Implementation of FACT and DreaMS on Desorption ElectroSpray Ionization Mass Spectrometry Imaging (DESI-MSI) Data

Figure 1: FACT model architecture.

PyTorch implementation of FACT: Foundation model for Assessing Cancer Tissue margins.

Setup

Start by cloning the repository:

git clone https://github.com/AlonGabriel/fact.git

and then installing PyTorch v2.3 in a new virtual environment. Follow the instructions on the official website to install PyTorch.

Finally, navigate to the project directory and install the other dependencies:

pip install -r requirements.txt

Pretraining

To pretrain the model as per the study, run the following command:

python train.py with Triplet base_model=laion/clap-htsat-unfused dataset=<PATH> checkpoints_dir=<SAVE_PATH> transform=MinMaxNormalize

This will load in the configuration file, configs/Triplet.yaml, and start pretraining the model on the dataset located at <PATH>. The configuration file contains all the hyperparameters for the model, optimizer, and training loop.
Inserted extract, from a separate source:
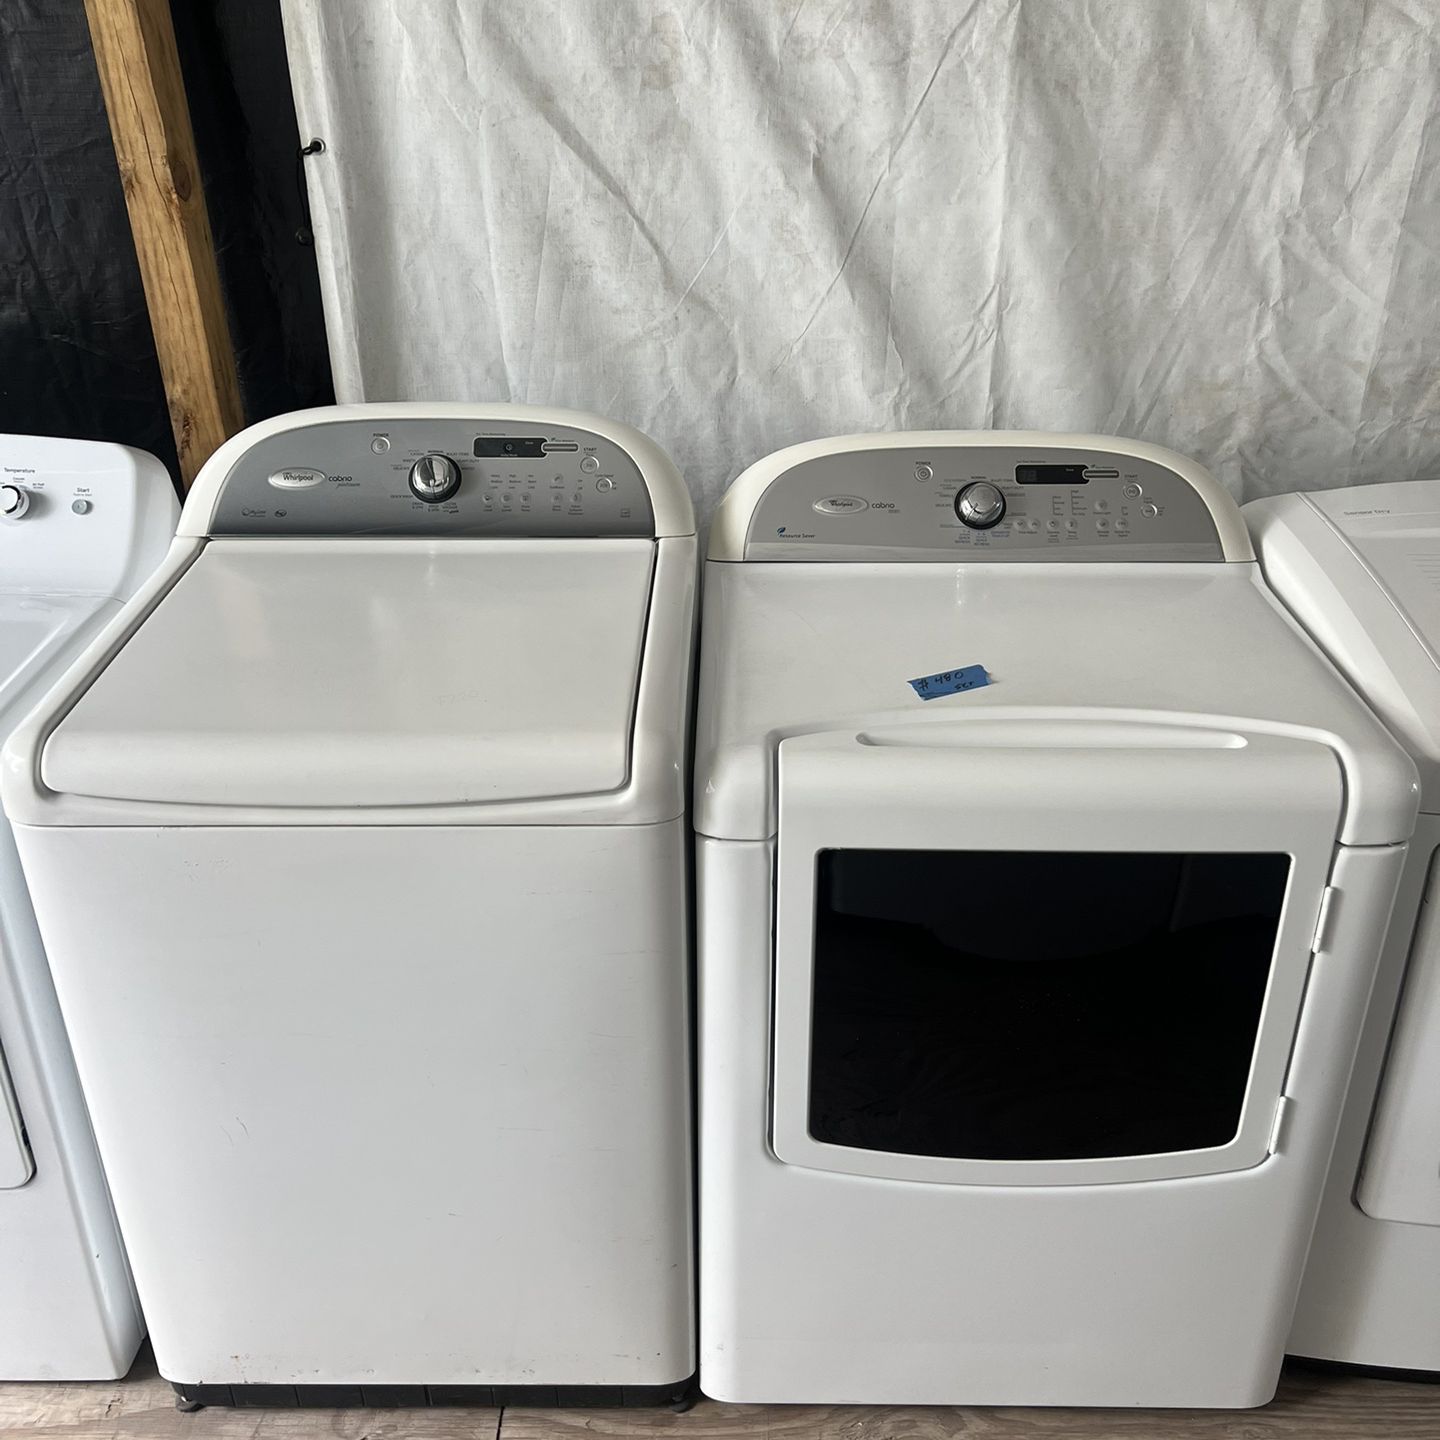 Whirlpool Washer&dryer Large Capacity Set    60 day warranty/ Located at:📍5415 Carmack Rd Tampa Fl 33610📍

You can override the default values, e.g., the optimizer and learning rate, by passing them as arguments:

python train.py with Triplet base_model=laion/clap-htsat-unfused dataset=<PATH> checkpoints_dir=<SAVE_PATH> optimizer=SGD lr=0.01

See configs/defaults.yaml for all the available hyperparameters.

To pretrain the model using multiple gpus, run the following command:

torchrun --nnode=1 --nproc_per_node=2 train-multiple-gpus.py with Triplet base_model=laion/clap-htsat-unfused checkpoints_dir=<PATH> dataset=<PATH> transform=MinMaxNormalize

Backbones

We used two backbones for pretraining: laion/clap-htsat-unfused and pluskal-lab/DreaMS. Simply change the base_model argument as shown below.

python train.py with base_model=pluskal-lab/DreaMS dataset=<PATH> checkpoints_dir=<SAVE_PATH> transform=MinMaxNormalize

Methods

The configuration files for SimCLR are also available in the configs directory and can be implemented as below. Note we only used SimCLR in DESI application of FACT, as we encountered errors when attempting to pretrain DreaMS using it.

python train.py with SimCLR base_model=laion/clap-htsat-unfused dataset=<PATH> checkpoints_dir=<SAVE_PATH> transform=MinMaxNormalize

Finetuning

To finetune the model, run the following command:

python train.py with base_model=laion/clap-htsat-unfused dataset=<PATH> checkpoint=<CHECKPOINT> checkpoints_dir=<SAVE_PATH>

Note that you do not need to specify the Triplet or SimCLR configuration since the model has already been pretrained. Instead, you need to reference the final (or best) checkpoint file from the pretraining step and a new checkpoint directory where the fine-tuned models will be saved.

To finetune the model, in a multiclass setting, run the following command:

python train.py with base_model=laion/clap-htsat-unfused dataset=<PATH> checkpoint=<CHECKPOINT> evaluator=MultiClassClassification prediction_head=[128, 6]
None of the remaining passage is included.